Work instruction:
Word for word, restate the data that follows, omitting the images.

Recorded information:
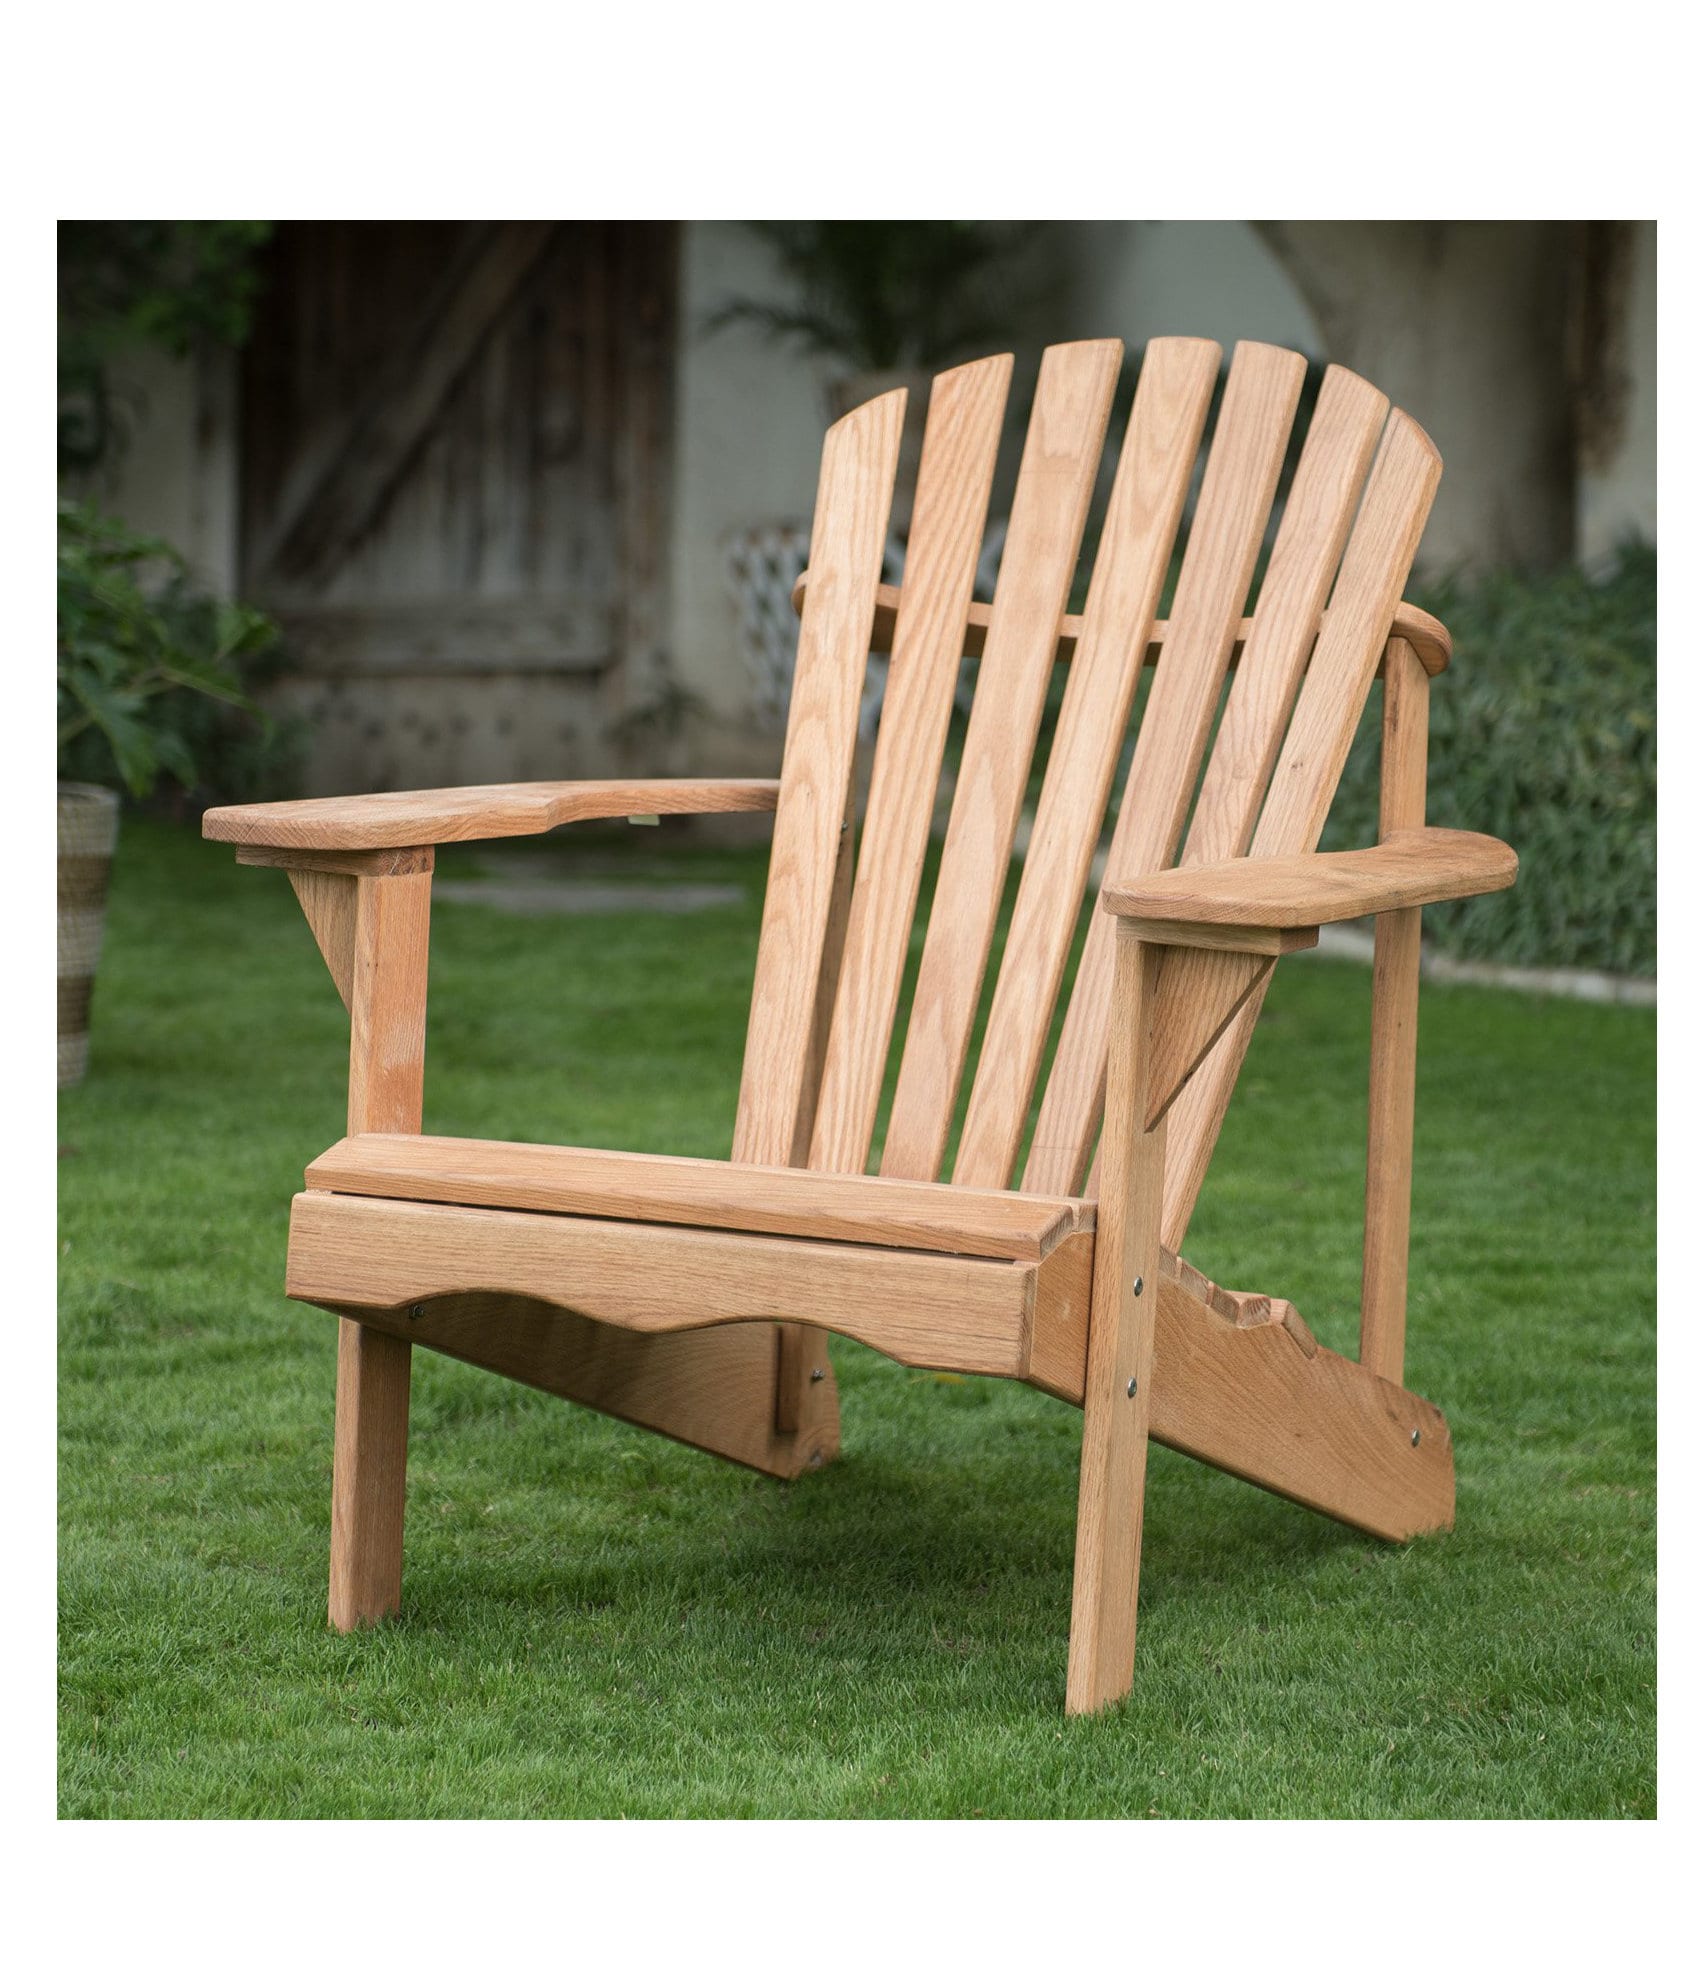 Step-by-Step Guide to Building Your Own Adirondack Chair插图3
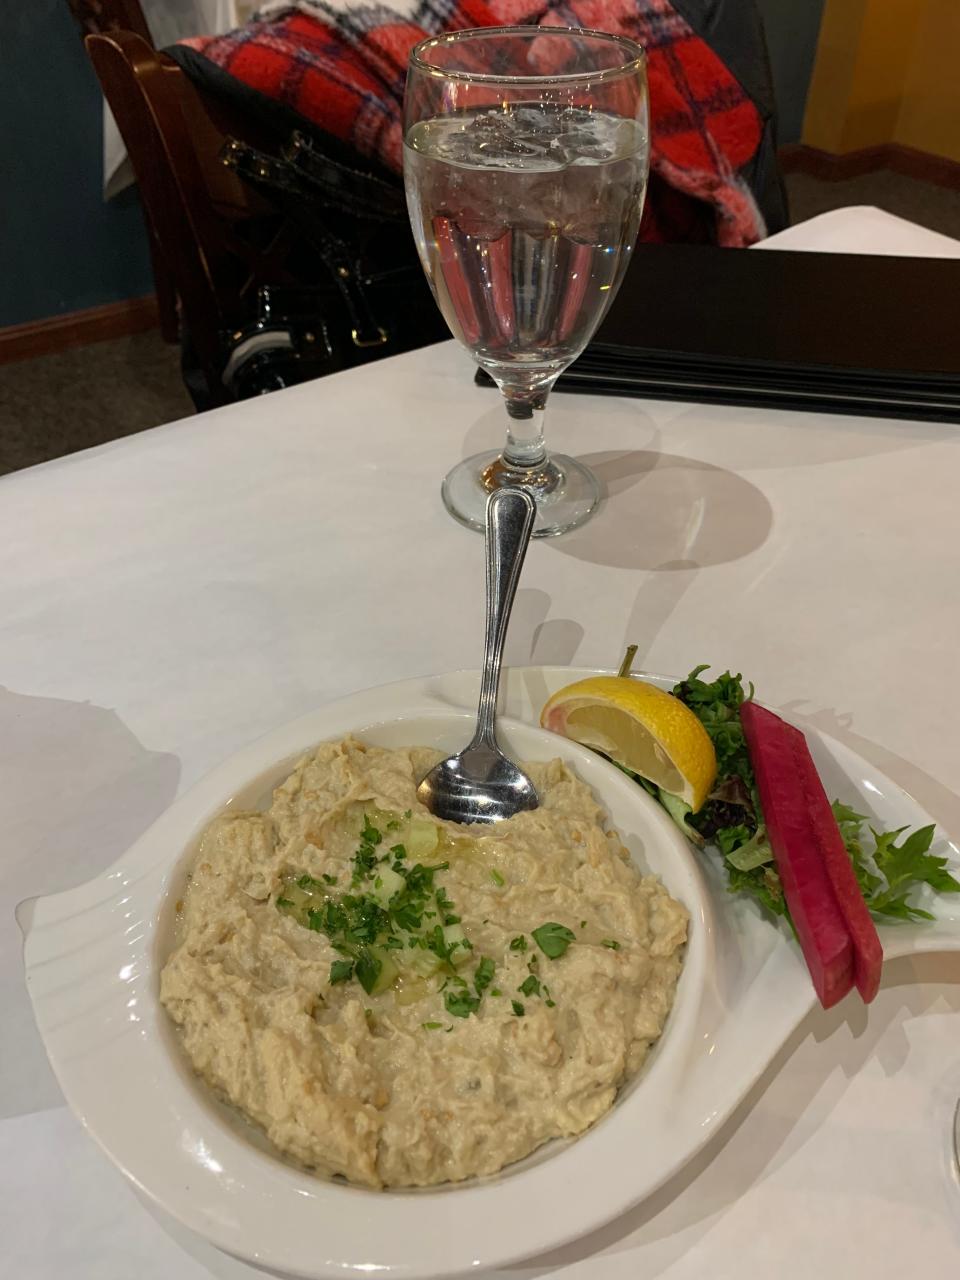 Baba ghanoush comes with pita bread and grilled naan can be added at Laziza in Kent.
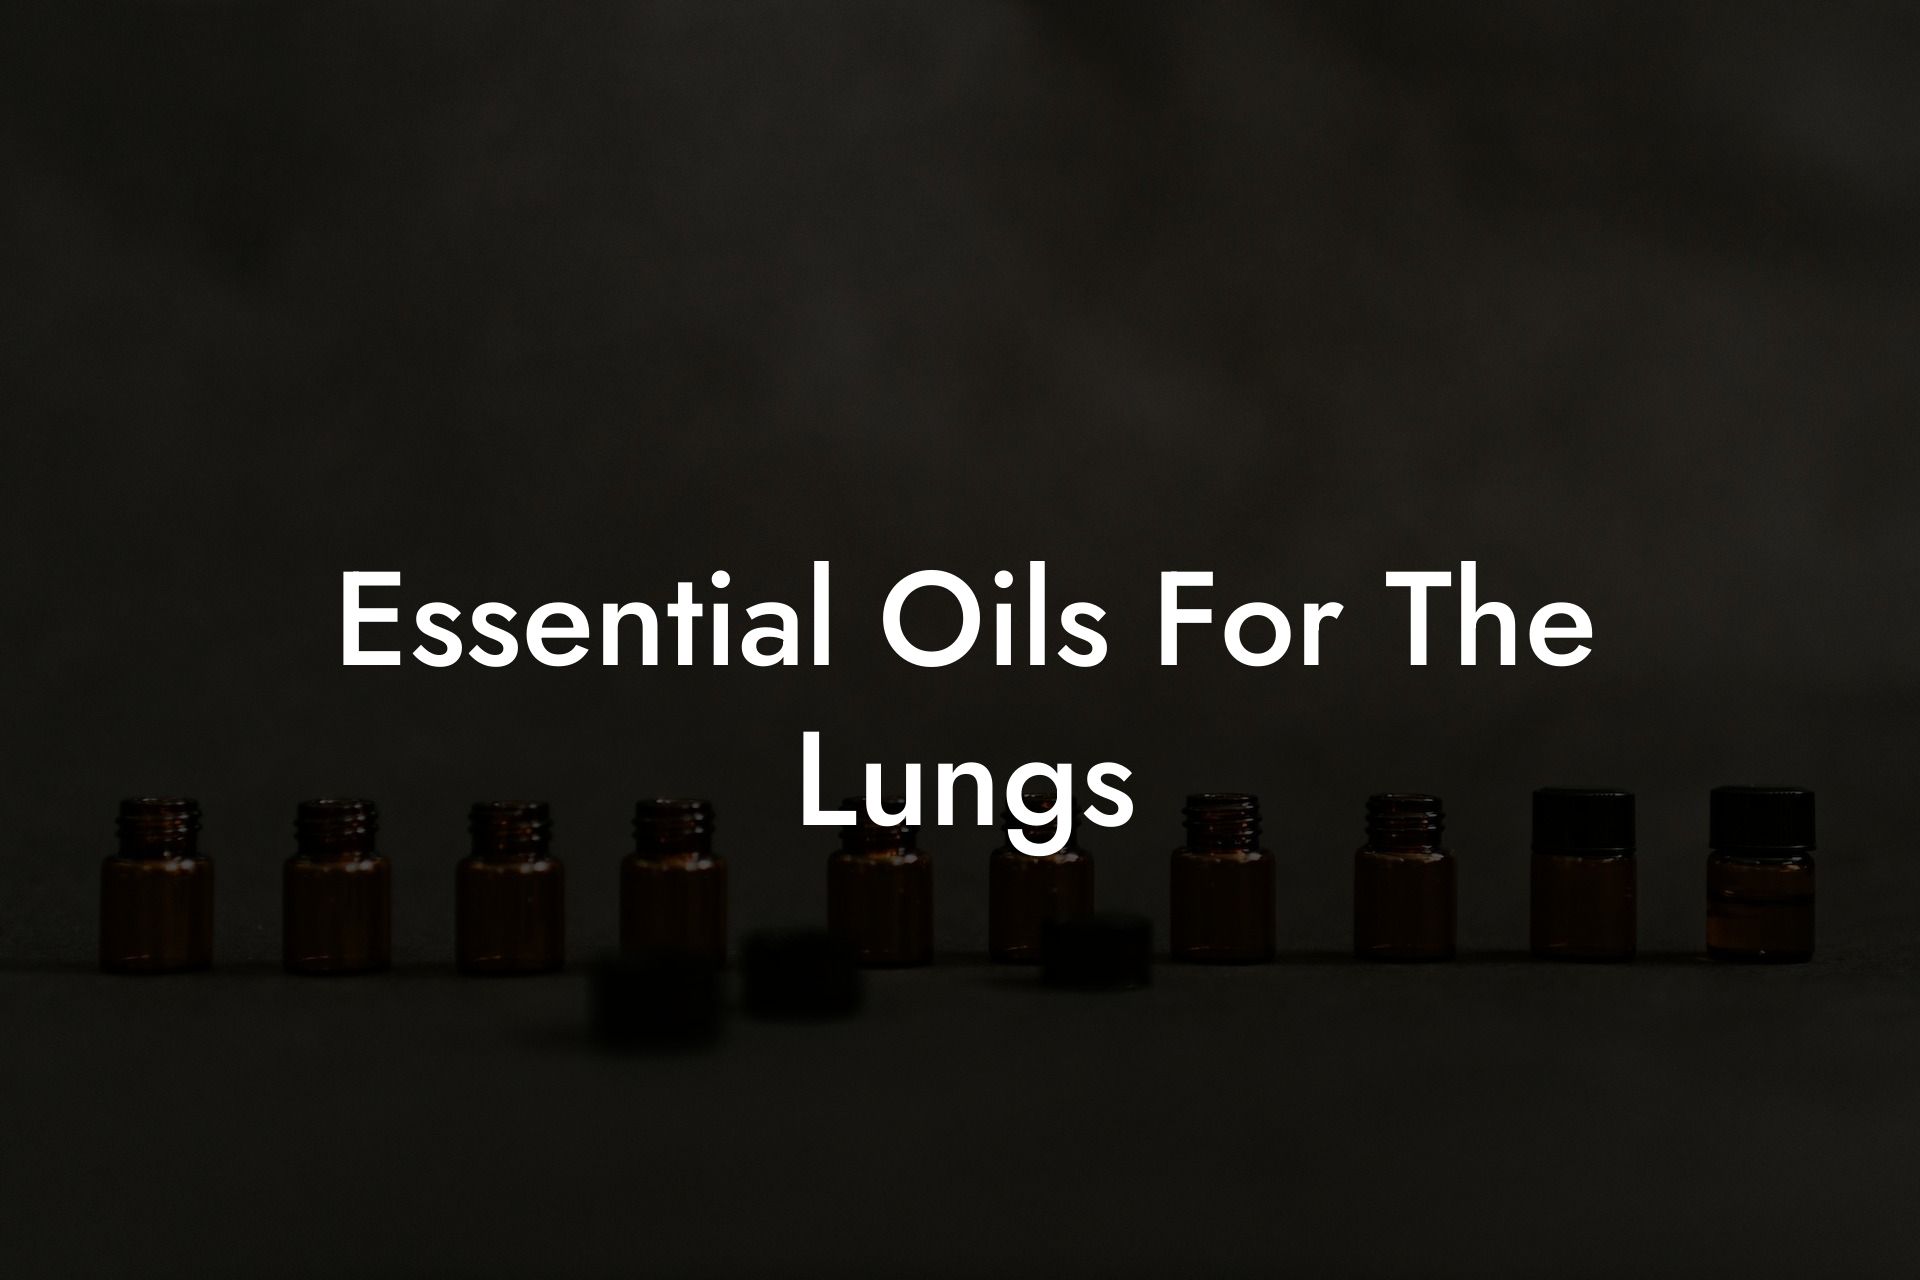 Essential Oils For The Lungs

Task result:
 Step-by-Step Guide to Building Your Own Adirondack Chair插图3
 Baba ghanoush comes with pita bread and grilled naan can be added at Laziza in Kent.
 Essential Oils For The Lungs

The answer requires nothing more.